O ano de 2020 foi um dos mais desafiadores que o mundo enfrentou na história recente, em função da crise sanitária e econômica gerada pela COVID-19. A folha do calendário para o Ano Novo virou, é verdade, mas ainda há muitas incertezas sobre o cenário político para os próximos meses, principalmente em relação ao compromisso do governo Jair Bolsonaro com o ajuste fiscal, a aprovação das reformas estruturais imprescindíveis para a melhoria do ambiente de negócios.
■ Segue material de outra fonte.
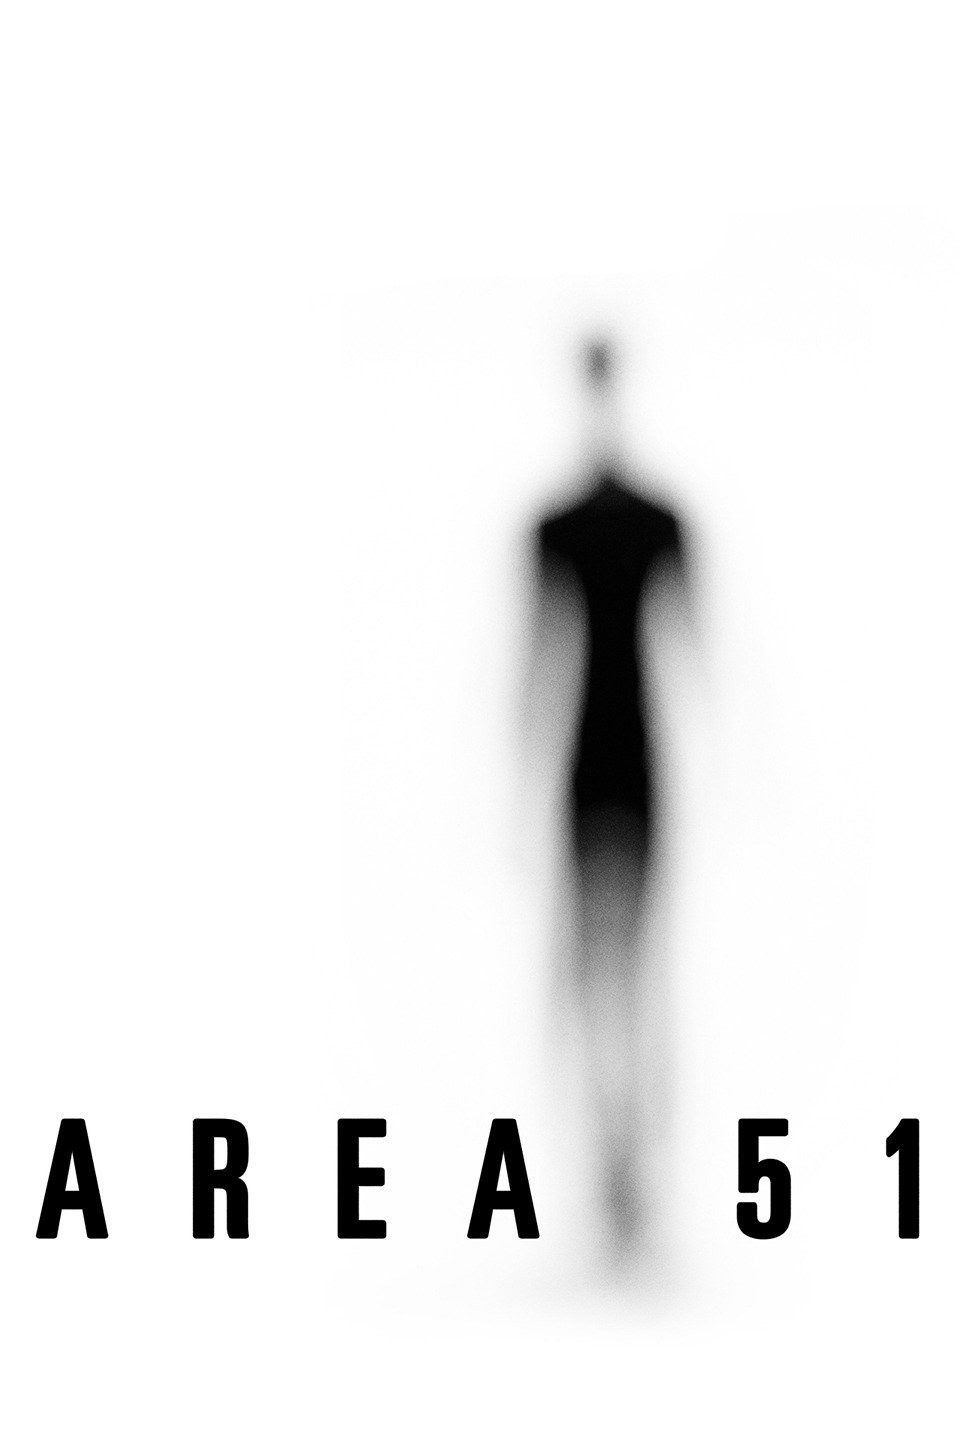 Area 51 [HD] (2015)

“Nunca é demais reiterar que a reforma tributária é fundamental para acabar com o emaranhado de leis, decretos, portarias, instruções normativas e outras tantas regras que estabelecem obrigações descabidas, transformando o dia a dia dos empreendedores e dos trabalhadores em um sofrido pesadelo – são mais de 14 milhões de brasileiros que sofrem atualmente com o flagelo do desemprego. O país também necessita de uma reforma administrativa que torne o Estado mais eficiente, provendo melhores serviços públicos a custos menores. E isso sem falar na reforma política, para melhorar a representação popular e corrigir falhas, desigualdades e distorções promovidas ao longo do tempo, que culminaram no que hoje é conhecido como ‘crise na democracia’”, pontua, a respeito do tema, o presidente da Confederação Nacional da Indústria (CNI), Robson Braga de Andrade.
A VOLTA DO CRESCIMENTO
Baseada nas pesquisas da própria CNI – e animada com o início da vacinação contra a COVID-19 –, a confiança do empresariado em uma retomada gradual, mas consistente da economia, que permita ao Brasil voltar a crescer e se desenvolver, entrou em alta em 2021. “Naturalmente, o setor produtivo ainda sofre com os efeitos negativos ocasionados pela pandemia, mas a economia já dá sinais de recuperação. Então, neste momento, precisamos nos reinventar e trabalhar firmemente para que a crise seja superada o mais rapidamente possível. Nas últimas décadas, tivemos outras viradas de ano marcadas por incertezas, mas nunca esmorecemos. Com otimismo, determinação e esperança, sempre demos a volta por cima. Vamos conseguir mais uma vez, ninguém tenha dúvidas”, anima-se o líder da CNI.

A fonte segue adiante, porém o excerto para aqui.